Along the away, you may abuse python's buit-in list objects as an easy way to manipulate data sets around.
Here is a sample programa that counts strings given in the command line found in files in a given directory,, and assembles a .CSV table with them:
# -*- coding: utf-8 -*-
import csv
import sys, os
output_name = "count.csv"
def find_in_file(path, string_list):
count = []
file_ = open(path)
data = file_.read()
file_.close()
for string in string_list:
count.append(data.count(string))
return count
def main():
if len(sys.argv) < 3:
print "Use %s directory_path <string1>[ string2 [...]])\n" % __package__
sys.exit(1)
target_dir = sys.argv[1]
string_list = sys.argv[2:]
csv_file = open(output_name, "wt")
writer = csv.writer(csv_file)
header = ["Filename"] + string_list
writer.writerow(header)
for filename in os.listdir(target_dir):
path = os.path.join(target_dir, filename)

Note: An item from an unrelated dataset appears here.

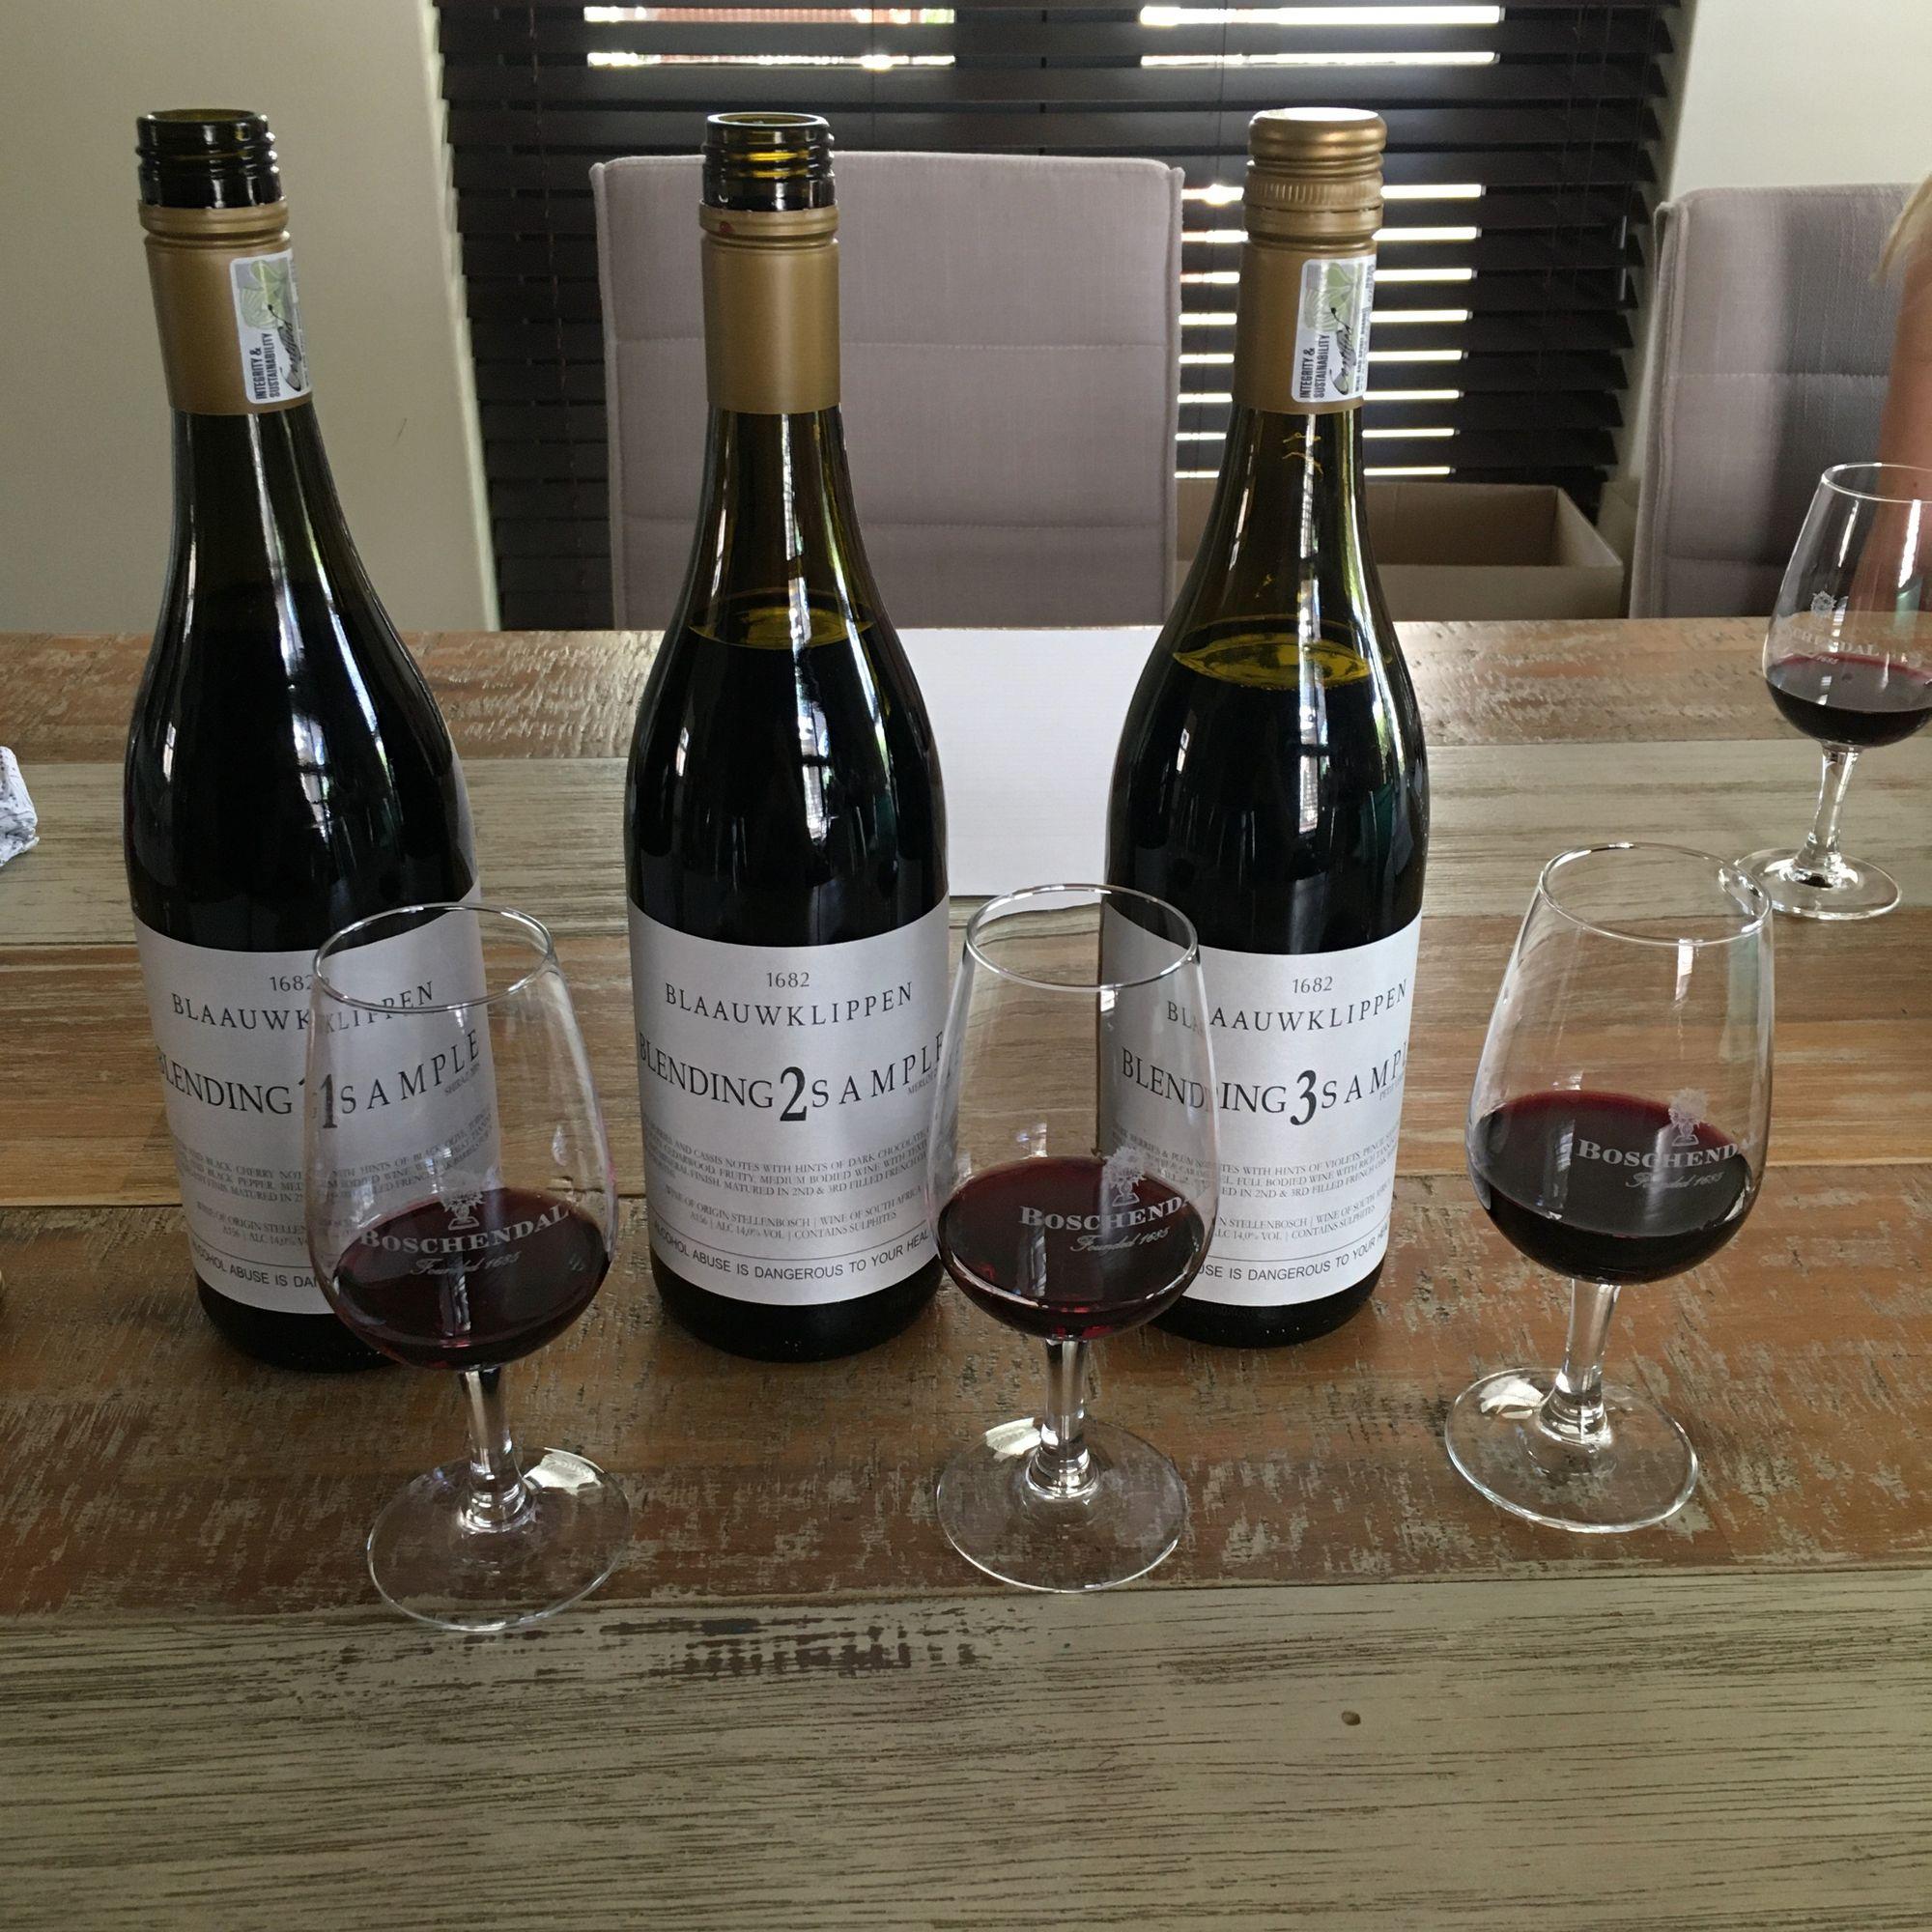 Wine 1 - 2018 Shiraz; Wine 2 - 2018 Merlot; Wine 3 - 2018 Petit Verdot

if not os.path.isfile(path):
continue
line = [filename] + find_in_file(path, string_list)
writer.writerow(line)
csv_file.close()
if __name__=="__main__":
main()
The steps to do this are as follows:
Make a list of all files in the directory (This isn't necessary if you're only interested in a single file)
Extract the names of those files that you're interested in
In a loop, read in those files line by line
See if the line matches your pattern
Extract the part of the line before the first : character
So, the code would look something like this, provided your text files are formatted the way you've shown in the question and that this format is reliably correct:
import sys, os, glob
dir_path = sys.argv[1]
if dir_path[-1] != os.sep: dir_path+=os.sep
file_list = glob.glob(dir_path+'*.txt') #use standard *NIX wildcards to get your file names, in this case, all the files with a .txt extension
with open('out_file.csv', 'w') as out_file:
for filename in file_list:
with open(filename, 'r') as in_file:
for line in in_file:
if 'STRING=SOME_STRING' in line:
out_file.write(line.split(':')[0]+'\n')
This program would be run as python extract_paths.py path/to/directory and would give you a file called out_file.csv in your current directory.
This file can then be imported into Excel as a CSV file. If your input is less reliable than you've suggested, regular expressions might be a better choice.